I was reading several guides how combine btrfs snapshots with rsync to make an efficient backup solution with history. However it all depends on if rsync --inplace modifies only those portions of files that actually changed, or if it overwrites the whole file sequentially. If it writes the whole file then it seems that btrfs will always create a new copy of the file, which would make the idea much less efficient.
- 3,031
- 7
- 27
- 45
-
How would it even *know* if it can avoid writing to the entire file? Doesn't it need to *read* the entire file first, to figure out what has changed? – user541686 Apr 01 '13 at 03:16
-
3@Mehrdad yes, it does, but reading the whole isn't a problem. If `rsync` reads the whole file and then seeks to and updates only those parts that are needed, btrfs will copy only these updated blocks. But if `rsync` reads _and_ writes the whole file, then it'll be a problem. – Petr Apr 01 '13 at 14:36
-
2@Mehrdad `rsync` does not only know that it may avoid writing the entire file, it manages to do so _without_ copying it completely over the net. Clever little program. – Gunther Piez May 02 '13 at 11:24
-
@PetrPudlák id does not "read" the file, this would be inefficient. It separates the files in chunks, applies a quick hash compares the hashes and transmits what's different. There is also a second more in depth comparision and the server keeps track of the chuncks, but it's not a real "reading" as in loading the whole thing into memory: https://rsync.samba.org/~tridge/phd_thesis.pdf So, as Gunther Piez commented, it does know exactly what to copy. – runlevel0 Feb 14 '20 at 12:38
-
Hopefully this info is useful for the historic record, it doesn't feel like a full answer. I had the question formulated as: Can `rsync` copy only the changed regions in files? Here is a quote from Andrew Tridgell the co-developer of `rsync` writing about the `rsync` algorithm: "The end result is that β gets a copy of _A_, but only the pieces of _A_ that are not found in _B_ (plus a small amount of data for checksums and block indexes) are sent over the link." cite: [The rsync algorithm](https://rsync.samba.org/tech_report/node2.html) – Kyle Feb 26 '22 at 23:25
-
Unless heuristics (e.g. timestamp, file size) skip the whole file, the local file is read by `rsync` fully every time. The remote end will also read the whole file and the local and remote `rsync` syncronize information about the results in both ends and transfer only the changes. Check the `man rsync` for details: https://linux.die.net/man/1/rsync – if something is inserted in the middle of the source file compared to local target, using `--inplace` will *reduce* syncronization performance because `rsync` is not smart enough to reuse the end of file before overwriting it. – Mikko Rantalainen Sep 16 '22 at 07:23
7 Answers
TL;DR - You need option --inplace and if copying between local filesystems you also need --no-whole-file.

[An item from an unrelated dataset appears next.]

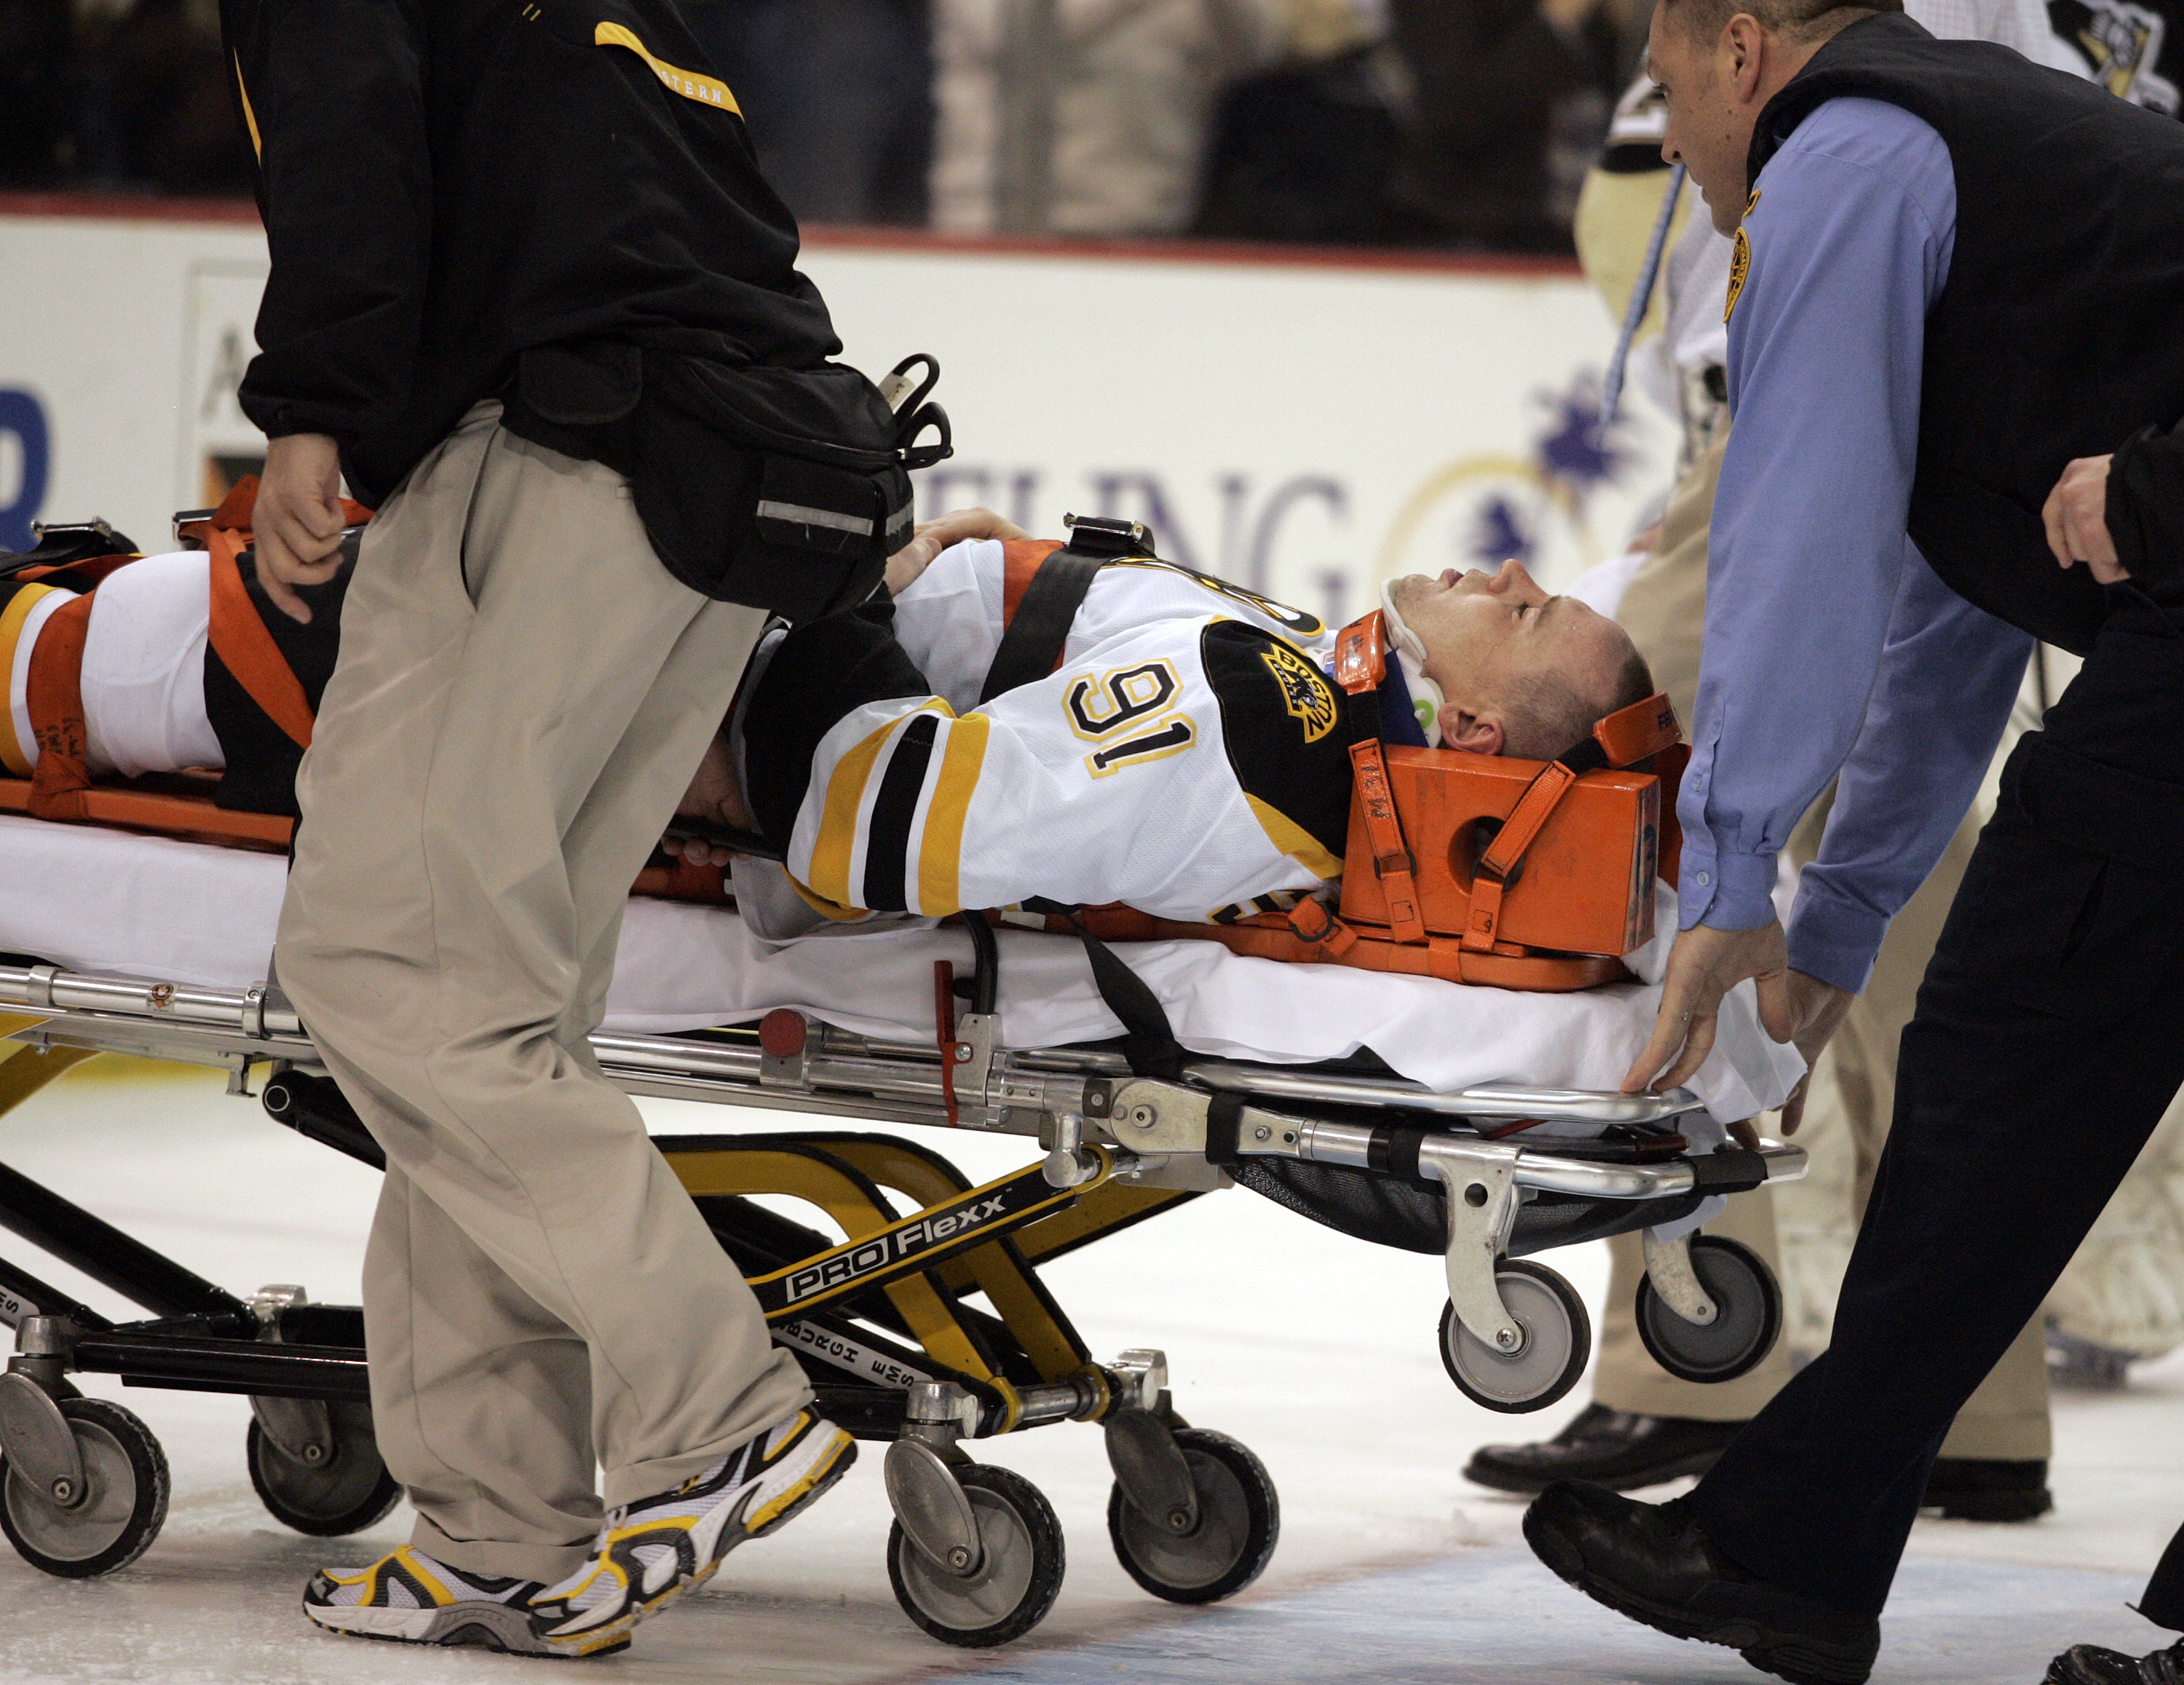 PITTSBURGH, PA - MARCH 07:  Marc Savard #91 of the Boston Bruins is taken off the ice by medical staff after being injured in the third period against the Pittsburgh Penguins at Mellon Arena on March 7, 2010 in Pittsburgh, Pennsylvania.  The Penguins defe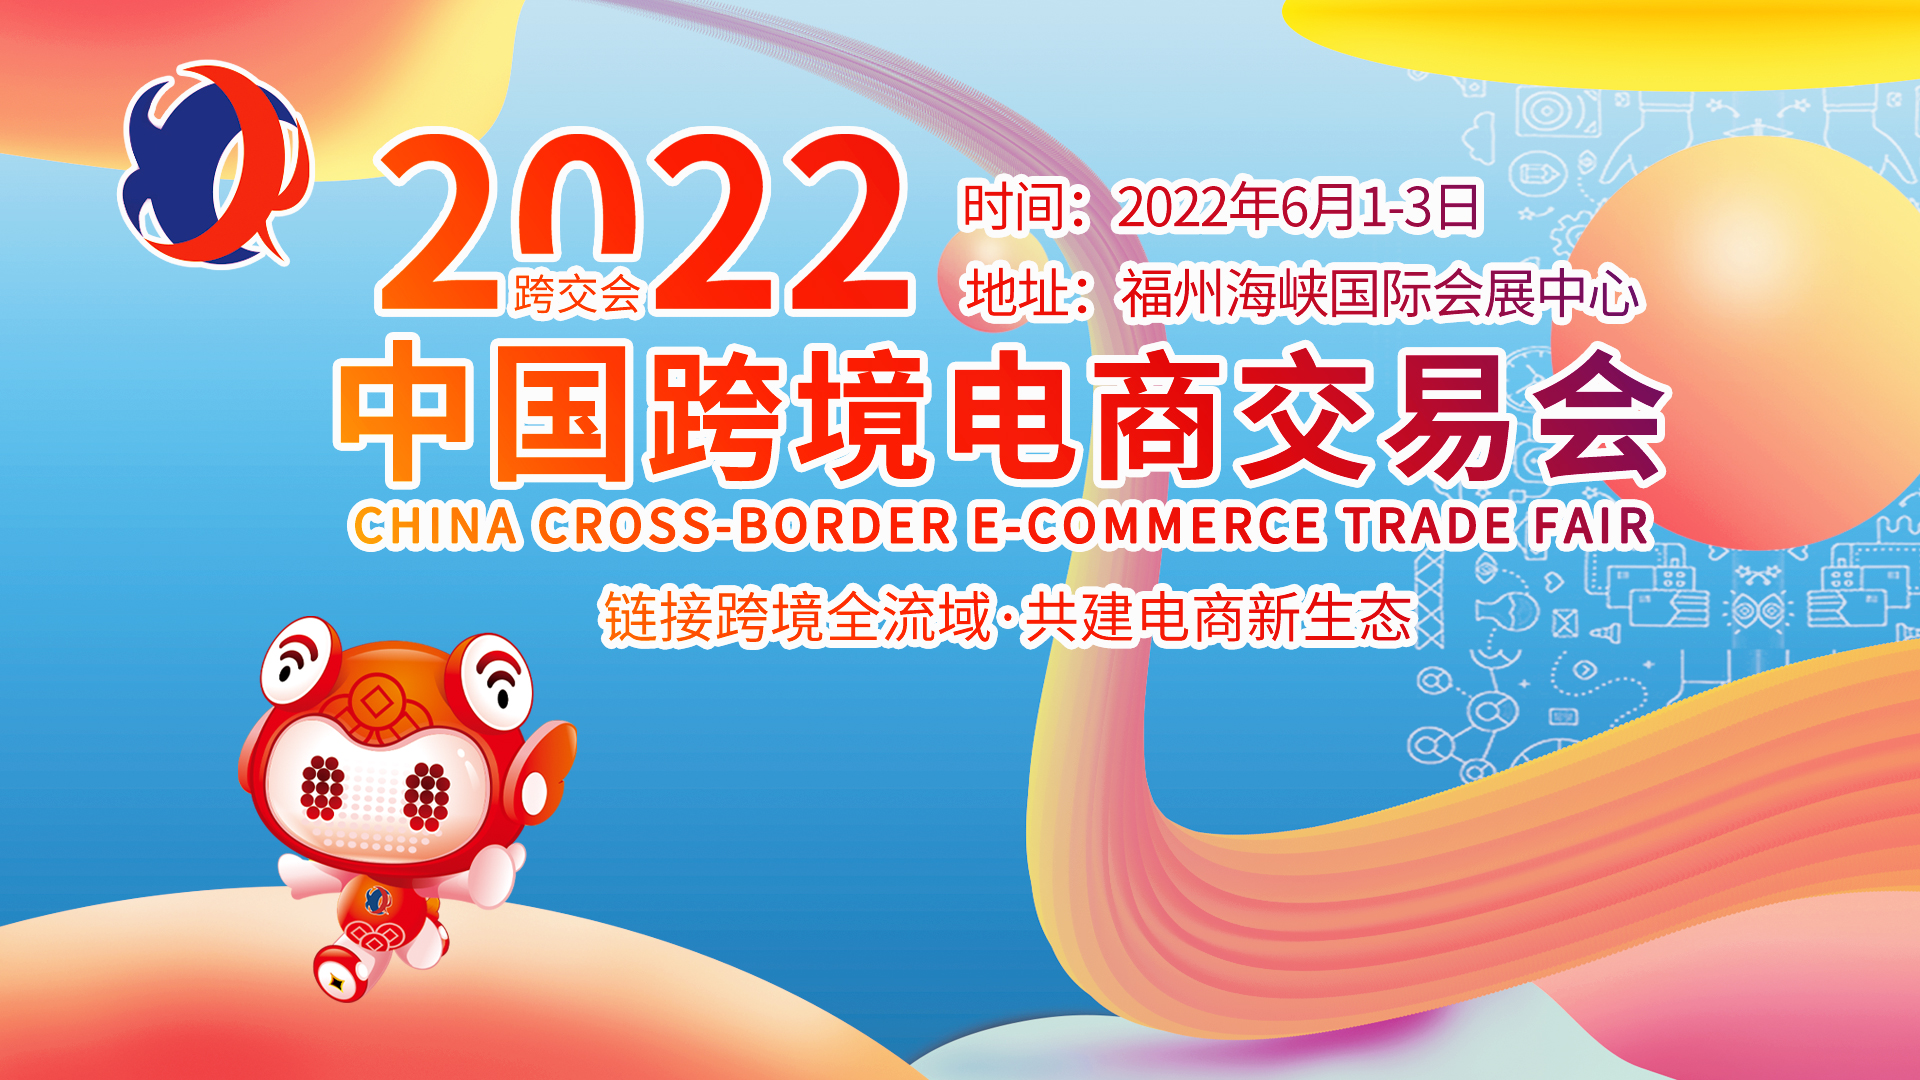 Is it difficult to book a hotel during the exhibition?Check out the 2022 Cross-Trade Fair booking guide!

If you pass rsync two local paths, it will default to using "--whole-file", and not delta-transfer. Rsync assumes that it can write a completely new file and unlink the old one faster than reading both and calculating the changed blocks. If it doesn't calculate the changes, there won't be block-level changes for btrfs to observe. So, what you're looking for is --no-whole-file, in addition to --inplace. You also get delta-transfer if you requested '-c'.
Here's how you can verify:
$ mkdir a b
$ dd if=/dev/zero of=a/1 bs=1k count=64
$ dd if=/dev/zero of=a/2 bs=1k count=64
$ dd if=/dev/zero of=a/3 bs=1k count=64
$ rsync -av a/ b/
sending incremental file list
./
1
2
3
sent 196831 bytes received 72 bytes 393806.00 bytes/sec
total size is 196608 speedup is 1.00
Then touch a file and re-sync
$ touch a/1
$ rsync -av --inplace a/ b/
sending incremental file list
1
sent 65662 bytes received 31 bytes 131386.00 bytes/sec
total size is 196608 speedup is 2.99
You can verify it re-used the inode with "ls -li", but notice it sent a whole 64K bytes. Try again with --no-whole-file
$ touch a/1
$ rsync -av --inplace --no-whole-file a/ b/
sending incremental file list
1
sent 494 bytes received 595 bytes 2178.00 bytes/sec
total size is 196608 speedup is 180.54
Now you've only sent 494 bytes. You could use strace to further verify if any of the file was written, but this shows it at least used delta-transfer.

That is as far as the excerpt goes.